Glenna, I don't know what "goatheads" are, would you enlighten me me please?
They grow close to the ground on runners and have a very hard "sticker" about the size of a raisin, I guess, has probably 3 to 5 of very hard thorns on each that someone long ago started calling a "goathead" in the part of the US I came from. Really hurts bare feet and stick into soft soled shoes like velcro. They really puncture. I have to constantly fight them here on our place in areas of very poor soil. Not a problem where we have grass coverage.
Thank you for the information Glenna.
I think I may have seen those somewhere, but I am not sure, in any case, I hope they stay away from my place.
Josephine.
Photo here: http://www.goatheads.com/
Just wondering where Glenna comes from as the only place I have ever heard them called goatheads was when I moved to Nevada,the little sandburs are nothing compared to Goatheads which can pucture tires on bicyles and stop a tough dog in his tracks..
PS have seen the goatheads in west Texas and western Oklahoma
I never had sticker problems till they hitchhiked in with a load of sand I got to build a brick patio. This is the best info I have found applicable to my area as posted above. http://aggie-horticulture.tamu.edu/archives/parsons/turf/grassbur.html
This message was edited Jan 9, 2011 9:37 AM
I looked up Puncture Vine and it is an introduced species that grows practically all over the U.S. and Canada.
http://plants.usda.gov/java/profile?symbol=TRTE
Here is some more interesting info and ways to control it;
http://www.ipm.ucdavis.edu/PMG/PESTNOTES/pn74128.html
Chickens.
They will eat all the stickers, burrs, weeds, flowers and then some.

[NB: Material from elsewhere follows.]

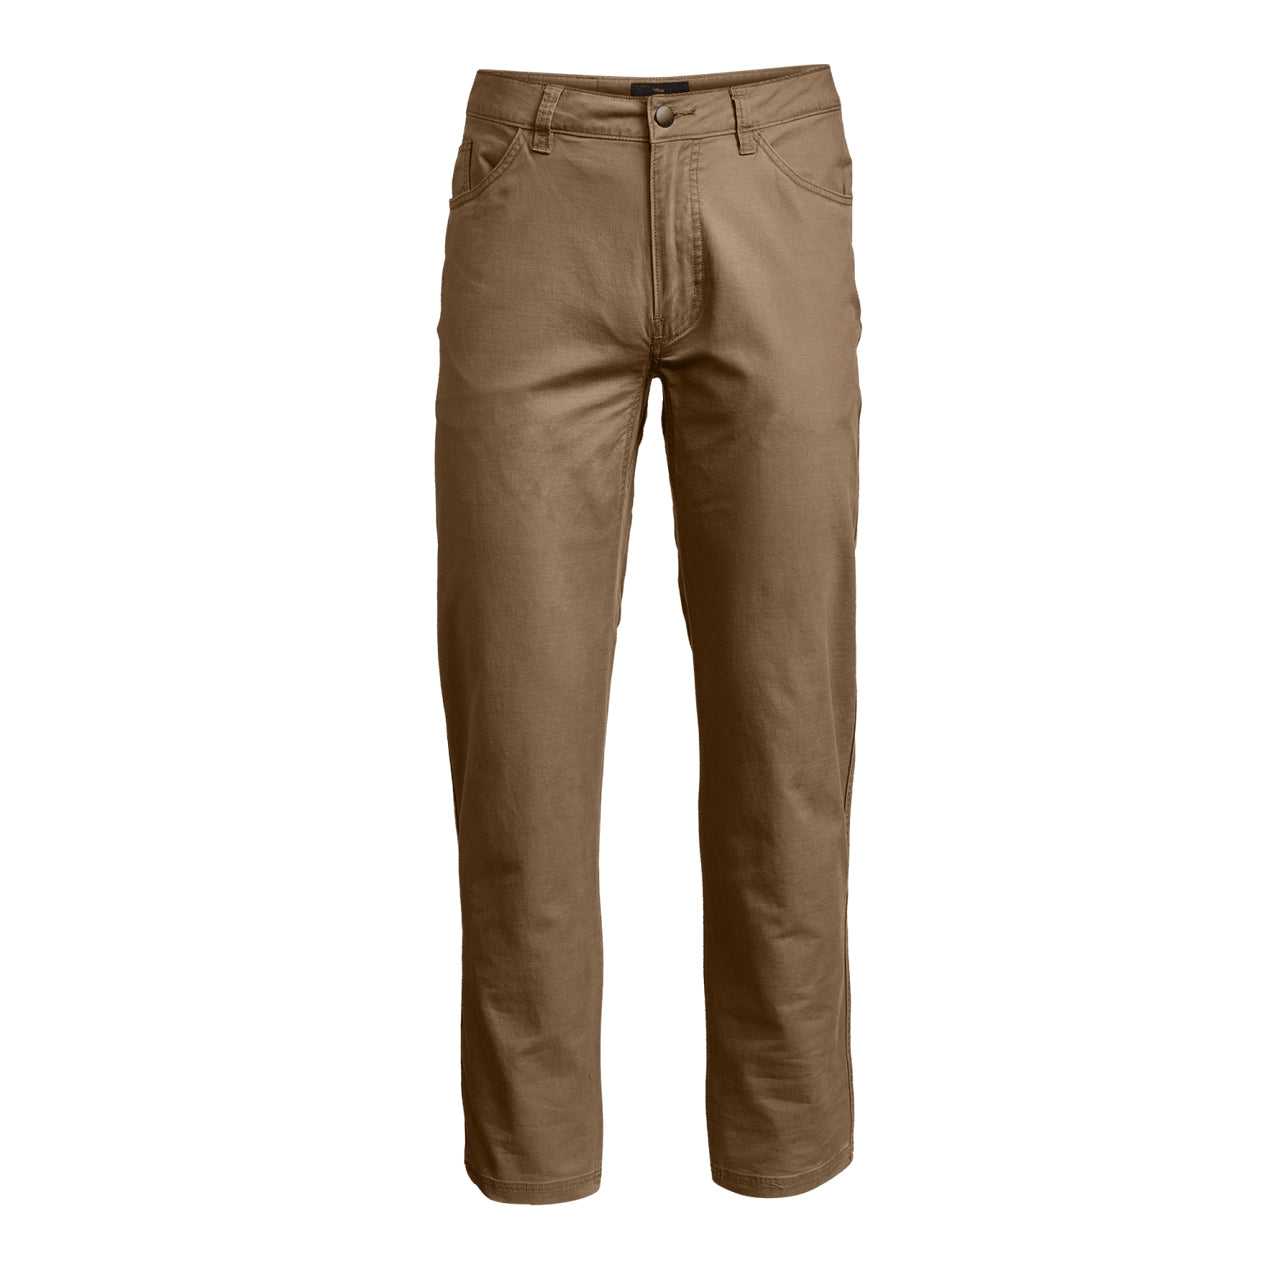 Sitka Everyday Pant in Tobacco

Just wondering where Glenna comes from as the only place I have ever heard them called goatheads was when I moved to Nevada,the little sandburs are nothing compared to Goatheads which can pucture tires on bicyles and stop a tough dog in his tracks..
Came from eastern New Mexico.
Didn't have goatheads here at our place in Johnson County until about 10 years ago. I assume they were brought in by DH's pickup truck tires because the first place they started was in front of his warehouse in really bad soil. I've tried my best to hoe them up and either burn or put in garbage before they mature but still have quite a few come up in that area each year.
Glenna
moved from nw N.M.....spent 38 yrs. fighting goatheads! if you watch close when they get yellow flower buds, stickers will still be soft and when you pull up be sure to get long tap root. old-timers there claimed the heads could lay dormant for 20 yrs. and still sprout!!!
It appears that poor soil is the determining factor in both goats heads and sand burrs or grassburrs.
I have read in the past that the best way to prevent them is to spread spagnum peat moss as a top dressing about a third of an inch thick. Also works to get rid of other weeds like dollarweed.
My crop is wicked in spring and goes away in early summer but it returns with a vengance each spring. Need to treat early and see if I can change that.
What I know now is that Round up kills not just the plant but also seeds of most weeds I don't know if it will do in the Goatheads but it works wonders on the sandburs..Drastic plants take drastic measures
Called em goatheads in NM, West Texas.
Water is the answer. The grass does not produce seed until it gets dry. Water it a lot all year and next year, no sandspurs or goatsheads. Spectracide's roundup type product did not work for me at all. So I dug and dug, until I learned about water, and tested it. We have a drought now, but I only found about 4 plants last year. I had a full 1/6th acre in my septic field's sandy soil, just solid, when I started.
Did you notice how old this thread is? I wonder if theta have them under control by now. Lol
If they tried depriving them of water or used weedkillers probably not. Heck I got out there with a propane torch and a garden hose (to keep things from getting out of hand) in fall 2008. And the seeds didn't burn, so I used a shopvac and picked up the seeds. It slowed them down. The cool thing about a forum is that the information is still out there for the next person with a problem.